That's alot o P's...When they get bigger...that tank may be too small...either way...awesomeness.


----------



## Rooner (Dec 22, 2005)

((( J2 ))) said:


> That's alot o P's...When they get bigger...that tank may be too small...either way...awesomeness.


Wait till you see the feeding videos that come from this tank...

Already, I can throw in 3 jumbo shrimp and it gets destroyed in about 5 seconds. The way they group and attack it is insane!


----------



## ITsPennywise (May 26, 2005)

I'm sure the feeding videos are going to psychotic...Can't wait.


----------



## Soldat (Aug 28, 2004)

So are you changing your mind again on what to do with all of these? I thought you were planning on selling some, and not throwing all of them into a new tank.


----------



## Rooner (Dec 22, 2005)

Soldat said:


> I'm sure the feeding videos are going to psychotic...Can't wait.


Wondering what kind of fish I could throw in there once they hit the 4" mark.
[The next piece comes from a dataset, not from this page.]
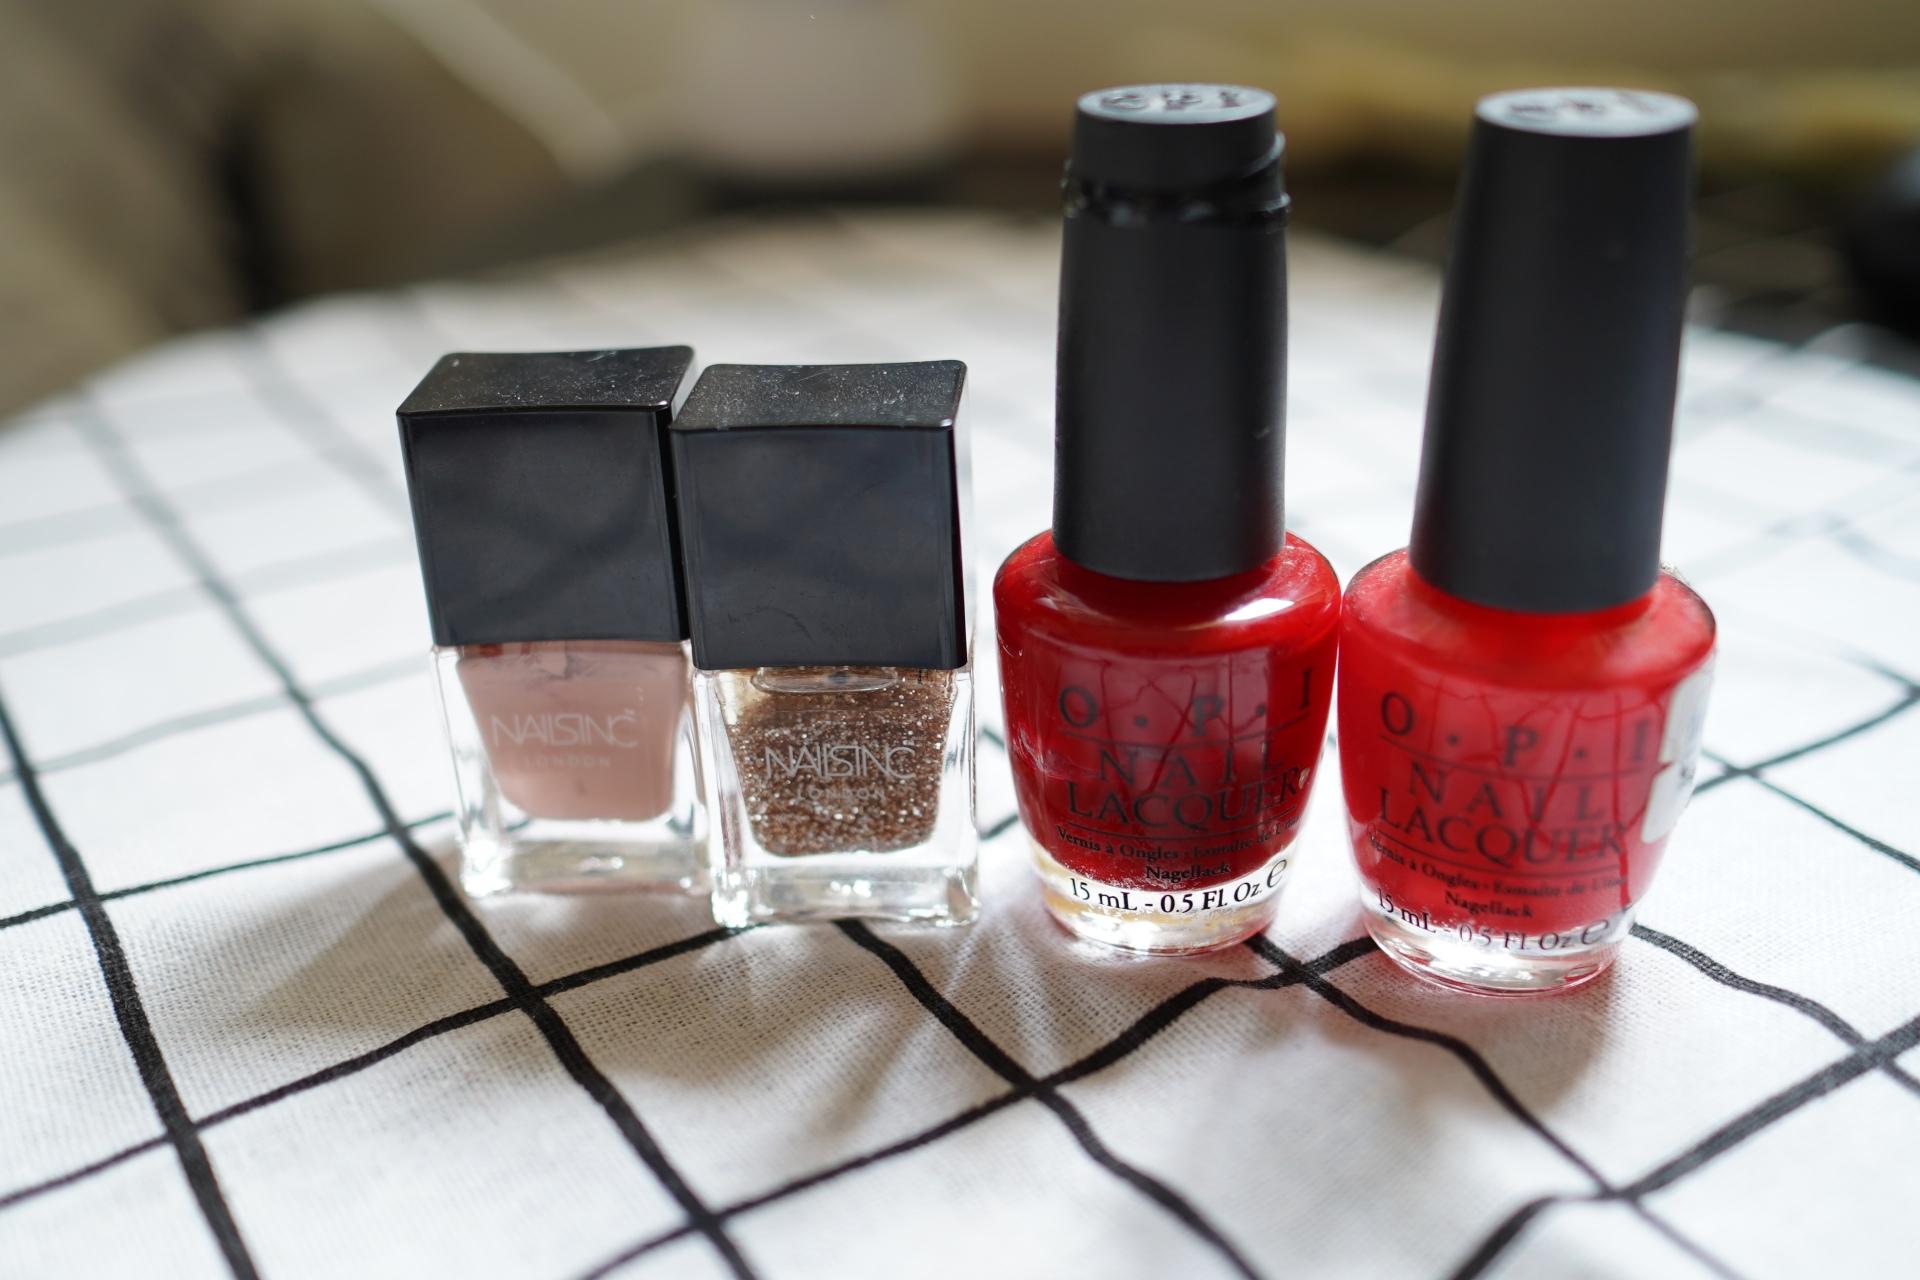 OPI vs. Nails Inc

They would probably eat a 12" pleco

lol


----------



## Soldat (Aug 28, 2004)

Im not here to argue because I am over the age of 14, and I wasnt trying to be a dick or anything. Its just that you appear to just jump into things without considering any consequences. That will be a sweet 300, but I wish you luck.


----------



## Rooner (Dec 22, 2005)

Soldat said:


> Im not here to argue because I am over the age of 14, and I wasnt trying to be a dick or anything. Its just that you appear to just jump into things without considering any consequences. That will be a sweet 300, but I wish you luck.


I bought my 180 specifically for my large group of red bellies. I knew what I was doing when I purchased them and I didn't jump into anything without knowing full well what I was doing. I am not getting a 300, they are currently in a 180. The original plan was to sell off a few of the ones that I didn't want to keep once they hit the 4" mark.

Like as has been stated previously I have not lost even a single fish. Most people with a large group lose several over the first few weeks, so maybe for a second you should think that possibly I know what I am doing.

Anyways, I will post new pics in a few days for those interested.


----------



## ITsPennywise (May 26, 2005)

Rooner said:


> I'm sure the feeding videos are going to psychotic...Can't wait.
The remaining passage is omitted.